Introduction
Hydrops fetalis occurs in approximately 1 to 1700 to 3000 pregnancies. It is defined as an abnormal fluid accumulation in two or more fetal compartments, including ascites, pleural effusion and skin edema detected in prenatal ultrasound. The widespread use of anti-D immune globin has rendered the majority of cases to be non-immune in nature (NIHF) (Almomani, R, etal 2016).
Cardiovascular etiologies, including structural cardiac anomalies, cardiac dysrhythmias, cardiac tumors, cardiomyopathy and myocarditis are the leading causes for NIHF. Cardiomyopathy in particular has been described in several genetic disorders in association with non-immune hydrops e.g. mitochondrial disorders such as Barth syndrome, RASopathies such as Noonan and Costello syndrome, lysosomal storage disorders such as mucopolysaccharidosis type VII and other single gene disorders (Bellini, C, et al 2015). Severe cardiomyopathy in association with NIHF has been described in biallelic truncating ALPK3 mutation (Almomani, R, etal 2016).
Here, we describe a severe congenital cardiomyopathy that resulted in NIHF in a male infant born to a healthy non-consanguineous Saudi Arab young couple. Whole-exome sequencing detected two heterozygous variants in the PKP2 gene; c.1688+1G>A and c.2274del p(Asn759llefs*41) (Fressart, V et al, 2010) )variants were inherited from the father and the mother respectively. No other variants that could have explained the patient phenotype were detected. The cardiac evaluation including EKG and echocardiogram of the parents was unremarkable.

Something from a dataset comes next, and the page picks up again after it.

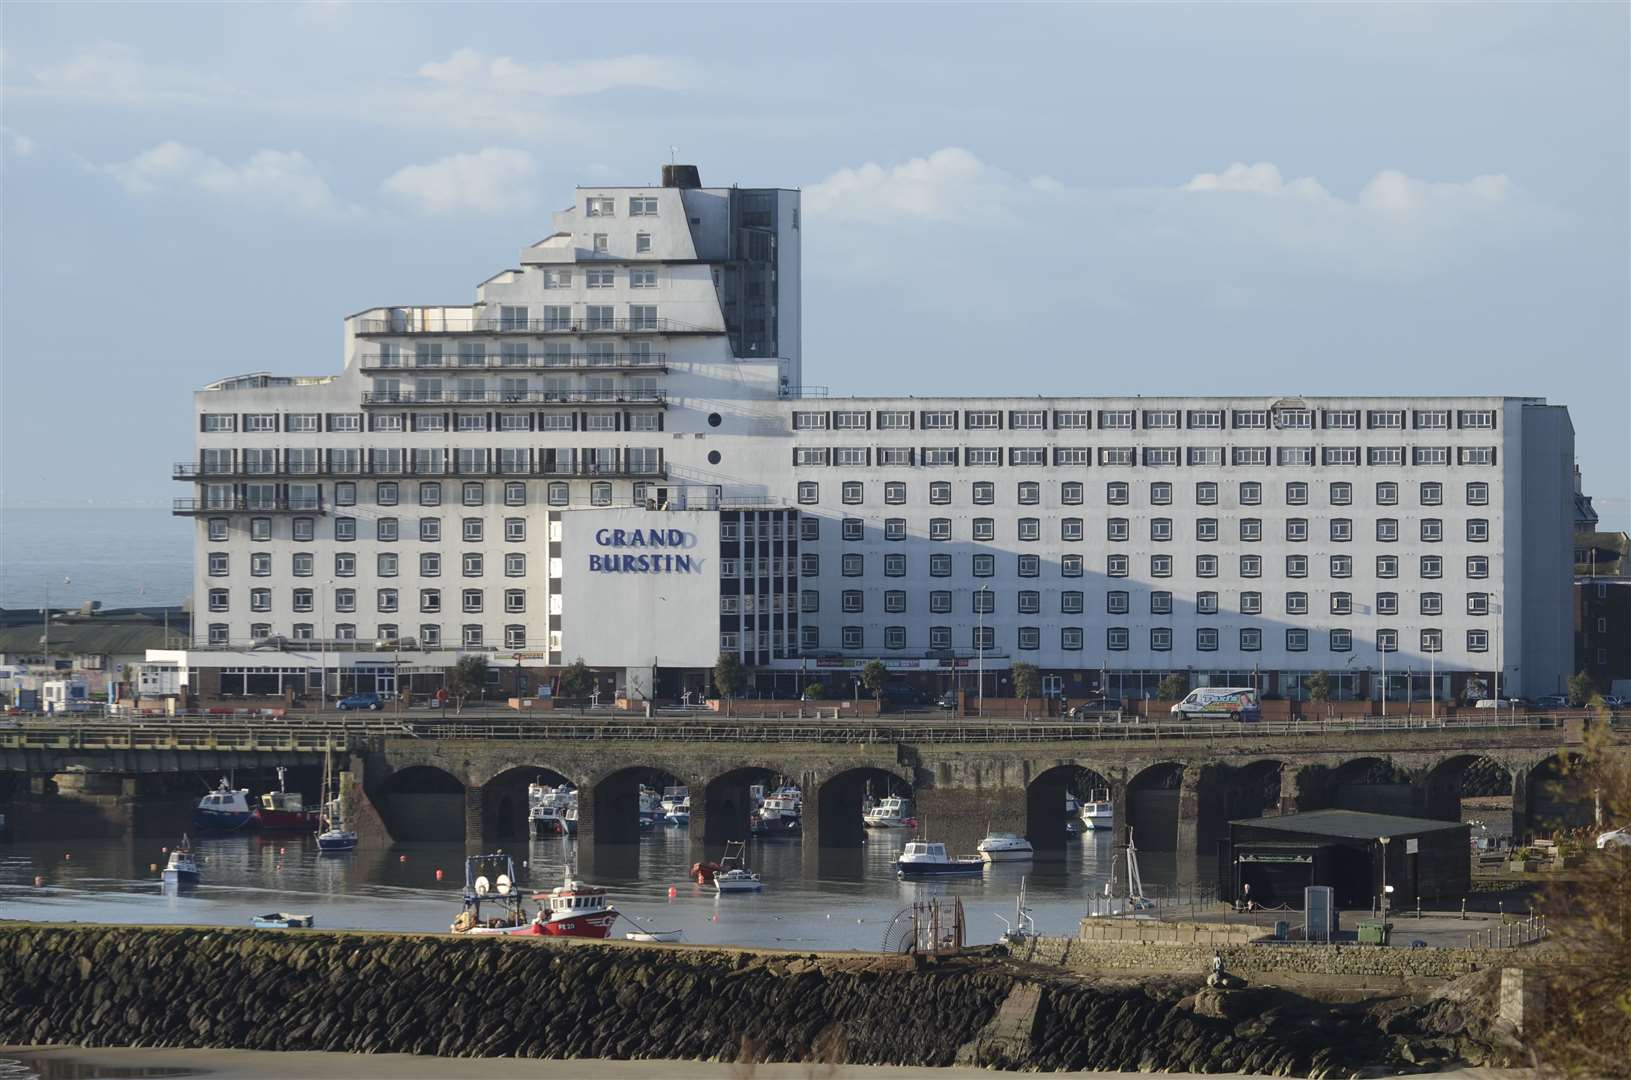 The Grand Burstin hotel pictured in 2014
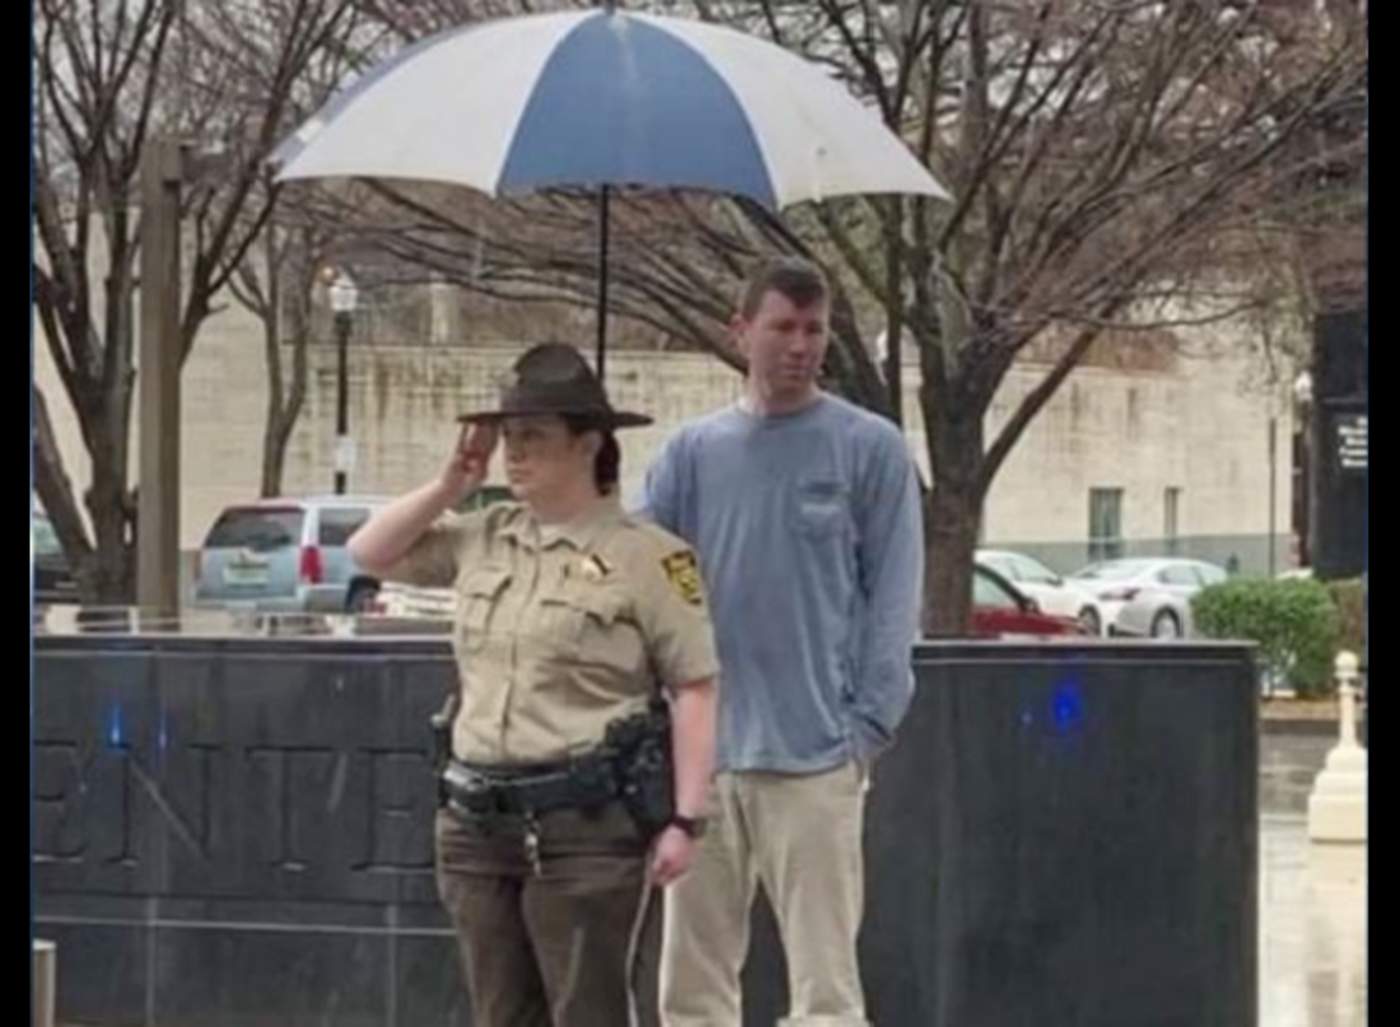 Imagen de persona protegiendo de la lluvia a oficial se hace viral

PKP2 encodes for plakophilin-2, an essential armadillo repeat protein of the cardiac desmosome plaque and cell nucleus. Heterozygous alteration in PKP2 gene is known to cause arrhythmogenic right ventricular cardiomyopathy/dysplasia (ARVC/D) #609040 (Gerull, B et al, 2004. The estimated prevalence of ARVC/D is 1:2,500 to 1:5,000 (Burke, A. P et al, 2021). Homozygous deletion of PKP2 deletion was described in two siblings with a severe noncompaction cardiomyopathy starting prenatally and leading to rapid cardiac failure (Ramond F et al., 2017), (Katanyuwong P et al 2022)
In addition, Balletic inheritance of PKP2 variant was reported in children presenting with acute viral myocarditis (Belkaya, S et al 2017). Hypoplastic left heart syndrome (15. Verhagen JMA,et al 2018)
A homozygous missense c.C2519Tp.A840V & compound heterozygous c.T2062C p.D829N/c.G2485Ap.D829N unreported variants were detected in those patients retrospectively. The author hypothesized that acute myocarditis is more commonly related to defect to cardiac protein structure and common viral infections merely and indirectly destabilize inherently vulnerable hearts
Our present case the supports the severe phenotype of the biallelic inheritance of PKP2 cardiac disease and extends its clinical spectrum.